Leonardo Boff*
A Carta Encíclica Lumen Fidei vem como autoria do Papa Francisco. Mas notoriamente foi escrita pelo Papa anterior, agora emérito, Bento XVI. Confessa-o claramente o Papa Francisco:
“assumo o seu precioso trabalho, limitando-me a acrescentar ao texto
alguma nova contribuição”(n.7). E assim deveria ser, pois caso contrário
não teria a nota do magistério papal. Seria apenas um texto teológico
de alguém que, um dia, foi Papa.
Bento
XVI queria escrever uma trilogia sobre as virtudes cardeais. Escreveu
sobre a esperança e o amor. Mas faltava sobre a fé, o que fez agora com
pequenos complementos do Papa Francisco.
A Encíclia não traz nenhuma novidade espetacular que chamasse a atenção da comunidade teológica, do conjunto dos
fiéis e do grande publico. É um texto de alta teologia, rebuscado no
estilo e carregado de citações bíblicas e dos Santos Padres.

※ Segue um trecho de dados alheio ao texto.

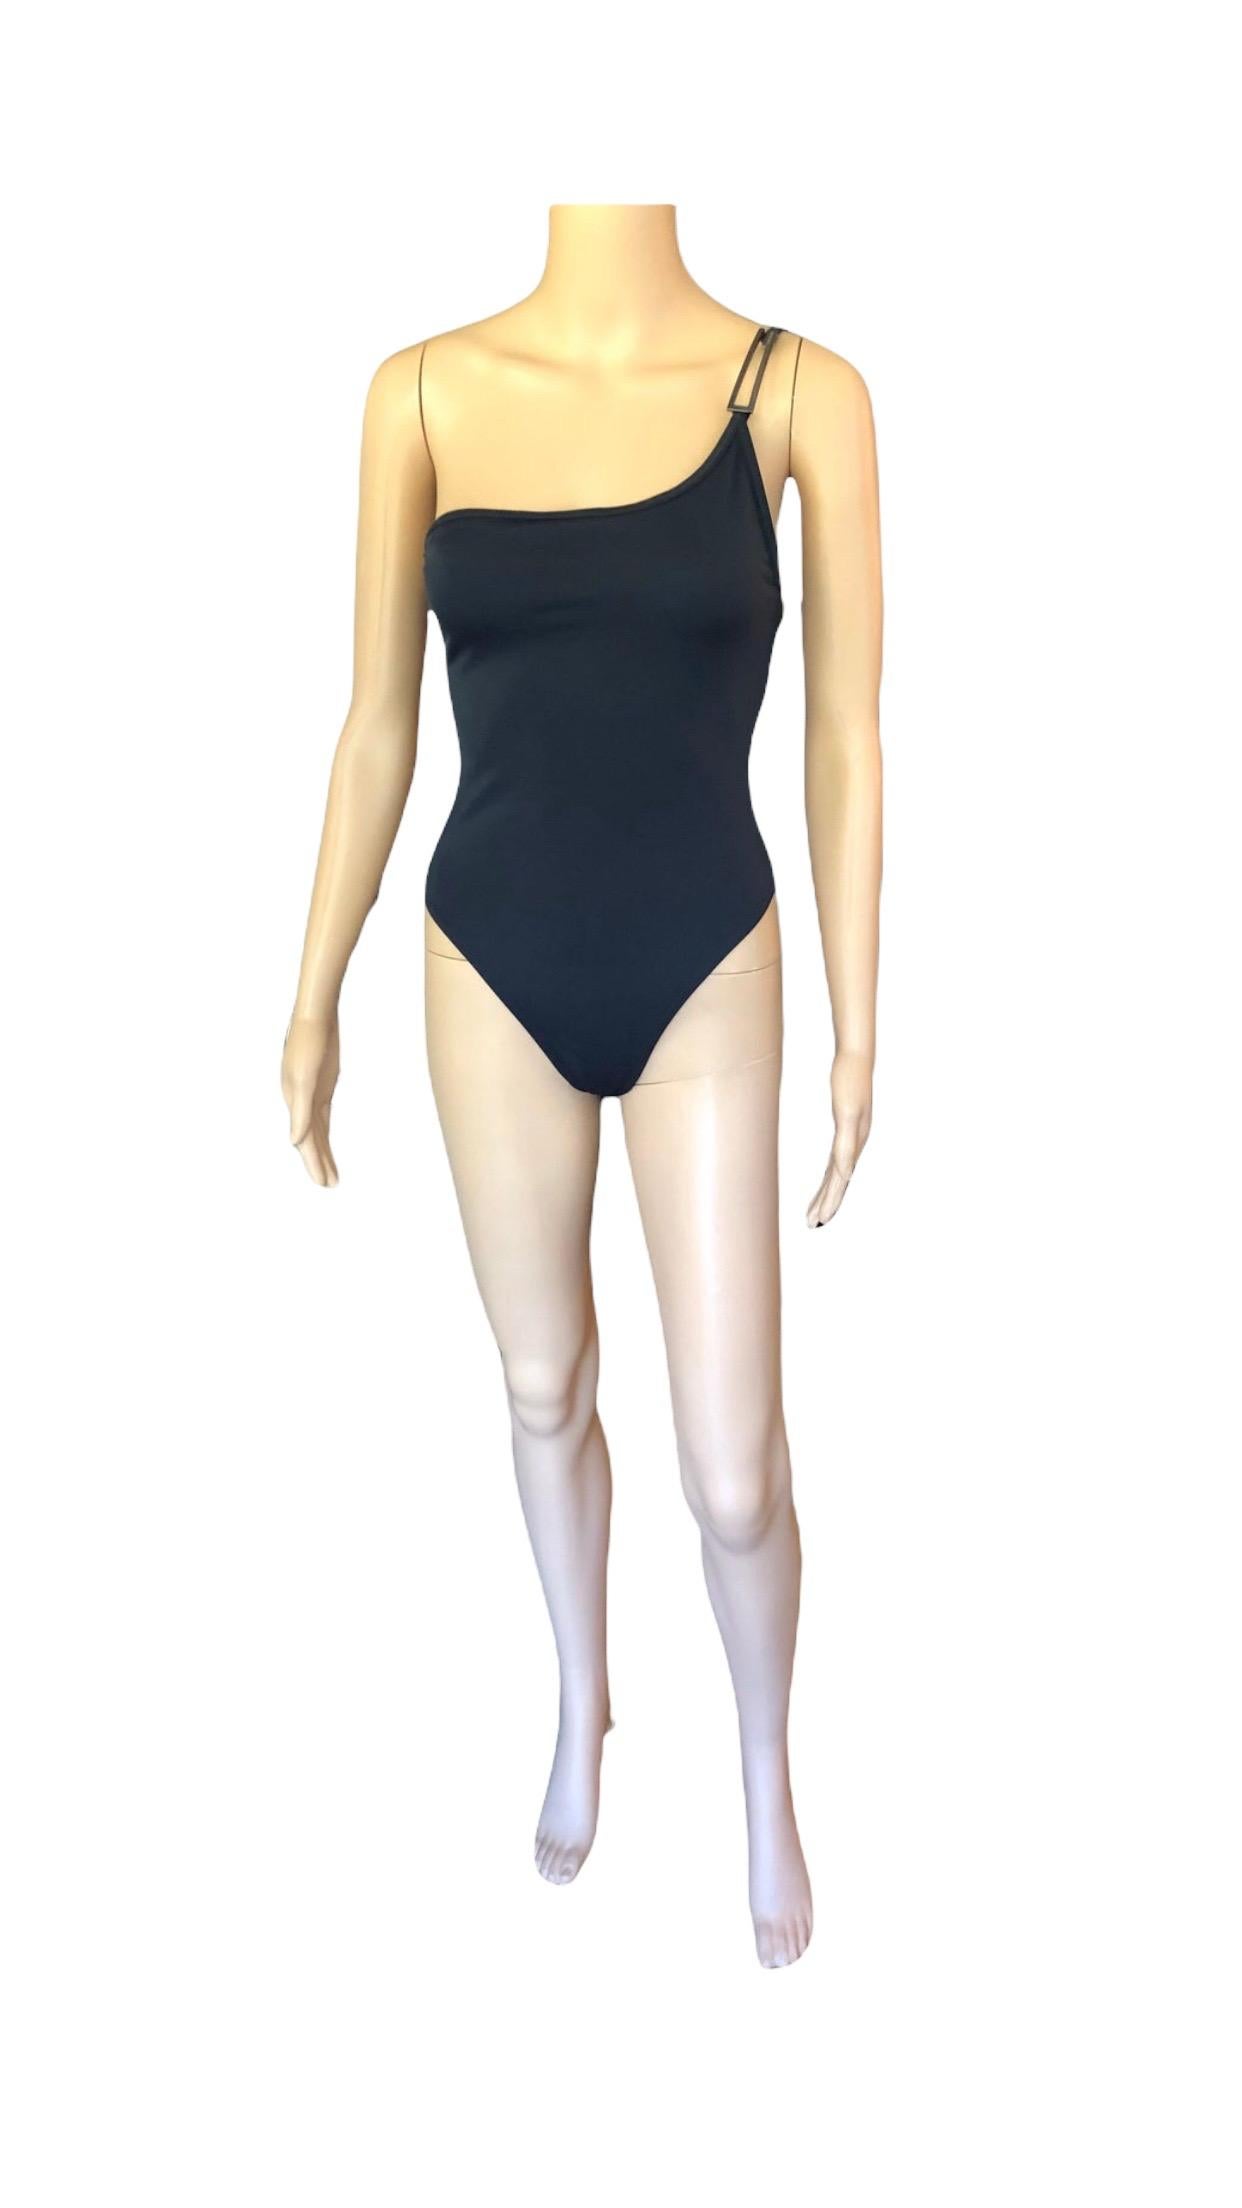 Tom Ford for Gucci S/S 1998 Runway G Logo One Shoulder Black Bodysuit Swimsuit  5
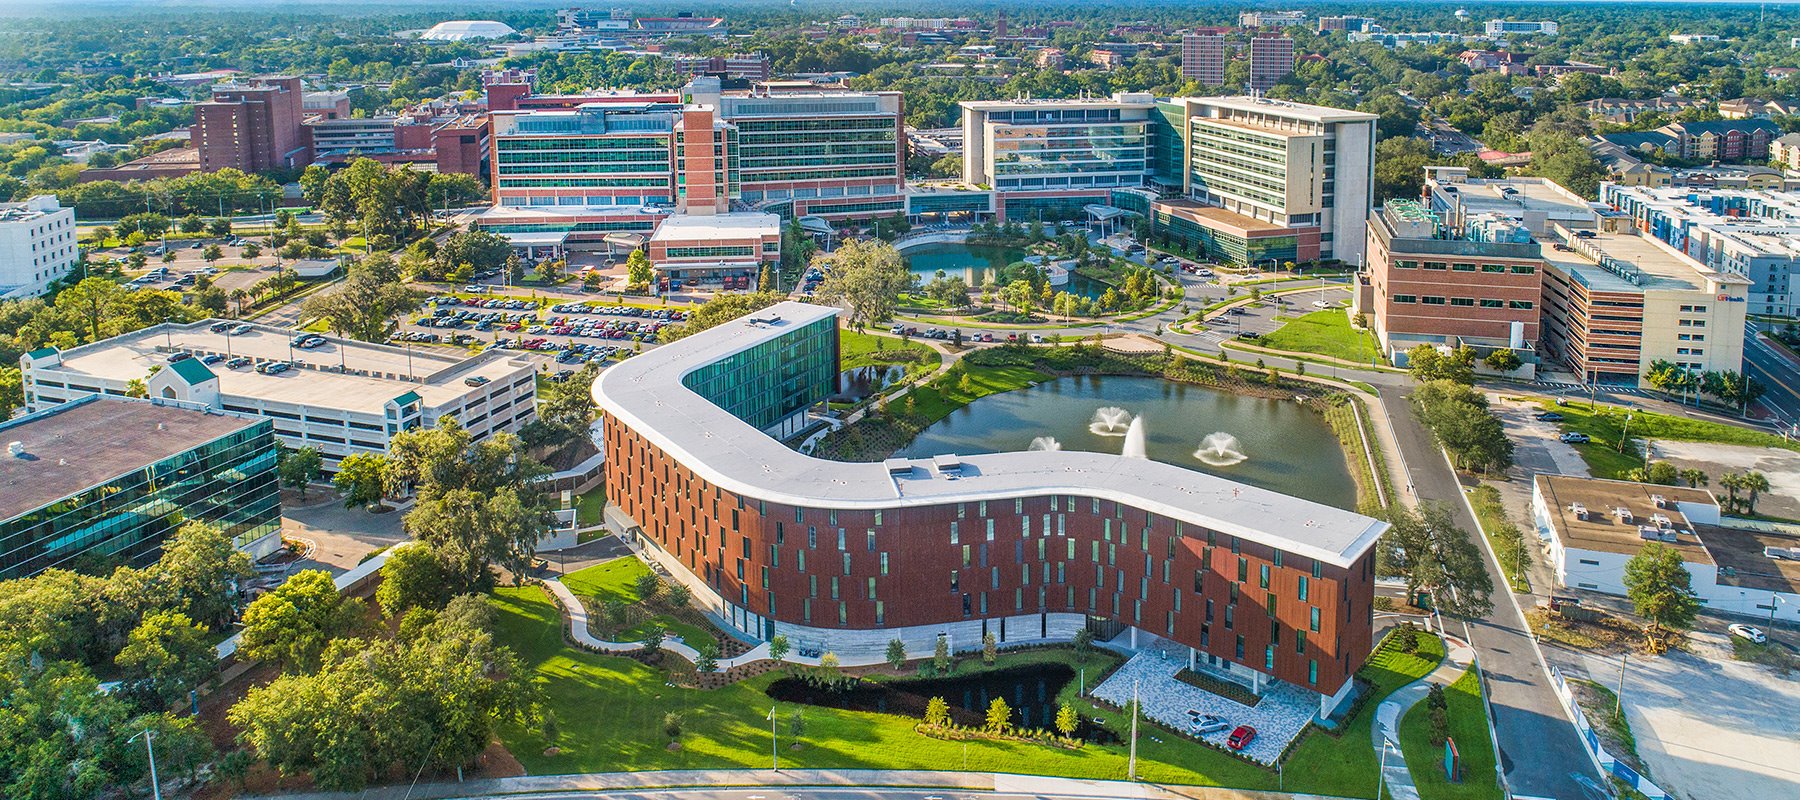 Location of Hotel ELEO at the University of Florida

Curiosamente cita autores da cultura ocidental como Dante, Buber,
Dostoiewsky, Nietzsche, Wittgensstein, Romano Guardini e o poeta Thomas
Eliot. Vê-se claramente a mão de Bento XVI, especialmente, em discussões
refinadas de difícil compreensão até para os teólogos, manejando
expressões gregas e hebraicas, com soe fazer um doutor e mestre.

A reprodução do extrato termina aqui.